Numeric Transformations

4.2.2. Numeric Transformations#

Numeric features in a dataset often need scaling, normalization, or transformation before being fed into machine learning models. Proper transformation can improve model performance, stability, and convergence in optimization algorithms.

4.2.2.1. Min-Max Scaling#

Min-max scaling rescales values to a fixed range, usually [0, 1].

\[ x' = \frac{x - x\_{\min}}{x\_{\max} - x\_{\min}} \]

Example: We can use MinMaxScaler from sklearn.preprocessing to do this.

import pandas as pd
from sklearn.preprocessing import MinMaxScaler

data = {"Salary": [50000, 70000, 120000, 150000, 200000]}
df = pd.DataFrame(data)

scaler = MinMaxScaler()
df["Salary_minmax"] = scaler.fit_transform(df[["Salary"]])
display(df)

	Salary	Salary_minmax
0	50000	0.000000
1	70000	0.133333
2	120000	0.466667
3	150000	0.666667
4	200000	1.000000

This is useful for algorithms like neural networks or distance-based models (KNN, K-Means) that are sensitive to magnitude.

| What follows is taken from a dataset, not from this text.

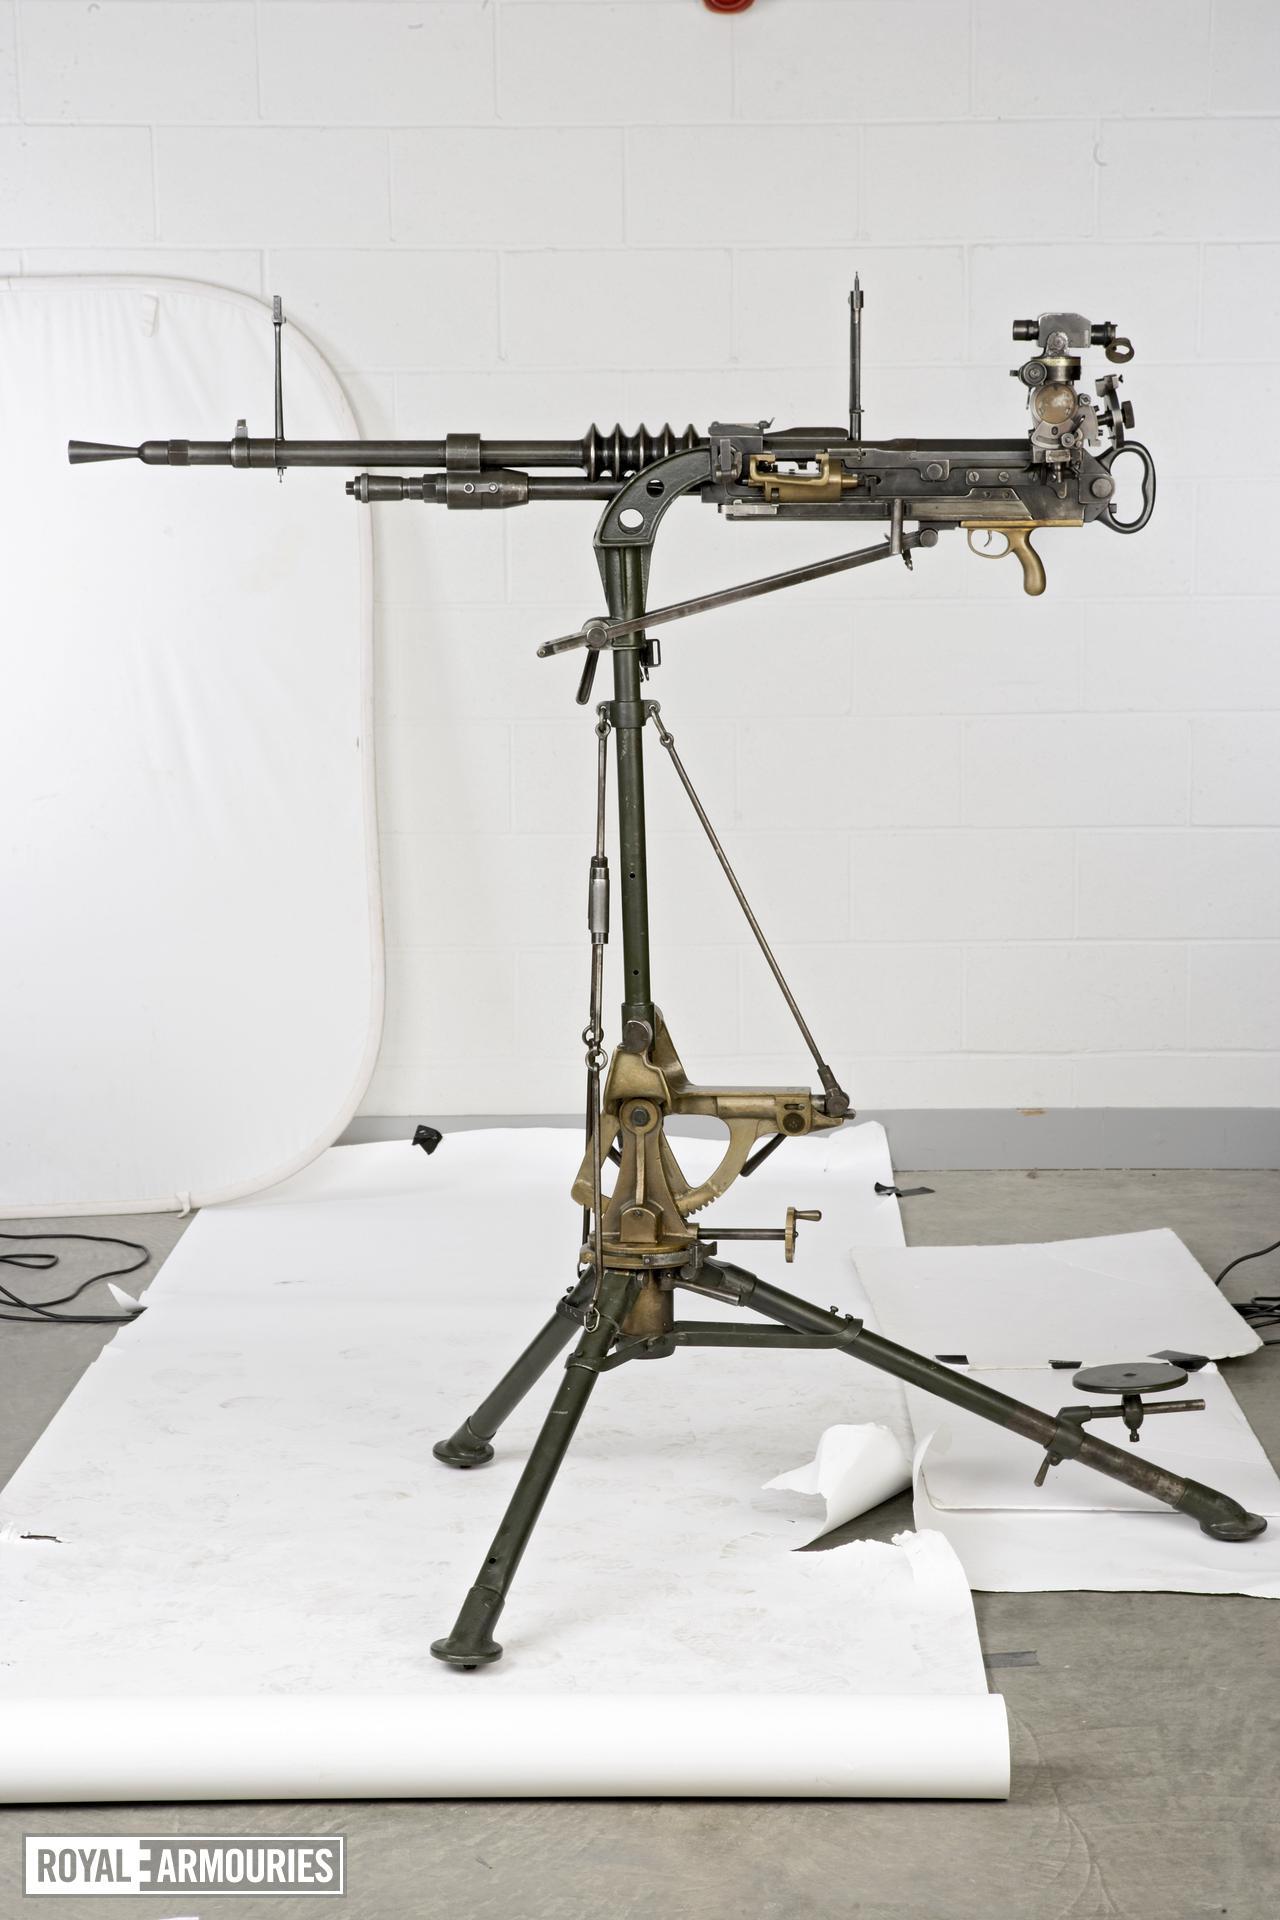 Hotchkiss gas operated machine gun, manufactured by FN, Lige, Belgium

4.2.2.2. Standardization (Z-score)#

Standardization centers the data around the mean and scales by the standard deviation:

\[ x' = \frac{x - \mu}{\sigma} \]

Example: We can use StandardScaler from sklearn.preprocessing to do this.

from sklearn.preprocessing import StandardScaler

scaler = StandardScaler()
df["Salary_zscore"] = scaler.fit_transform(df[["Salary"]])
display(df)

	Salary	Salary_minmax	Salary_zscore
0	50000	0.000000	-1.254963
1	70000	0.133333	-0.885856
2	120000	0.466667	0.036911
3	150000	0.666667	0.590571
4	200000	1.000000	1.513338

Standardization is preferred for models like SVM, logistic regression, and PCA.

4.2.2.3. Log Transformation#

Log transformation reduces the impact of skewed distributions and extreme values.

\[ x' = \log(x + 1) \]

Example:

import numpy as np

df["Salary_log"] = np.log1p(df["Salary"])
display(df)

	Salary	Salary_minmax	Salary_zscore	Salary_log
0	50000	0.000000	-1.254963	10.819798
1	70000	0.133333	-0.885856	11.156265
2	120000	0.466667	0.036911	11.695255
3	150000	0.666667	0.590571	11.918397
4	200000	1.000000	1.513338	12.206078

Log transformation is especially helpful for income, population, or any highly skewed features.

4.2.2.4. Demo: How Normalization Improves Computation#

Algorithms like gradient descent converge faster when features are on similar scales. Let’s demonstrate with a simple linear regression.

from sklearn.linear_model import SGDRegressor
from sklearn.metrics import mean_squared_error
import time

# Large synthetic dataset
np.random.seed(0)
X = np.random.randint(0, 1000, size=(10000, 1))
y = 3 * X.squeeze() + 500 + np.random.randn(10000) * 100

# Without normalization
start = time.time()
model = SGDRegressor(max_iter=1000, tol=1e-3)
model.fit(X, y)
time_unscaled = time.time() - start

# With Min-Max scaling
scaler = MinMaxScaler()
X_scaled = scaler.fit_transform(X)

start = time.time()
model.fit(X_scaled, y)
time_scaled = time.time() - start

print(f"Training time without scaling: {time_unscaled:.4f} s")
print(f"Training time with scaling: {time_scaled:.4f} s")
print(f"Boost: {time_unscaled / time_scaled:.2f}x faster")

Training time without scaling: 0.1358 s
Training time with scaling: 0.0123 s
Boost: 11.05x faster

Scaling the features reduces the number of iterations required for gradient descent to converge, thus improving computation speed and stability.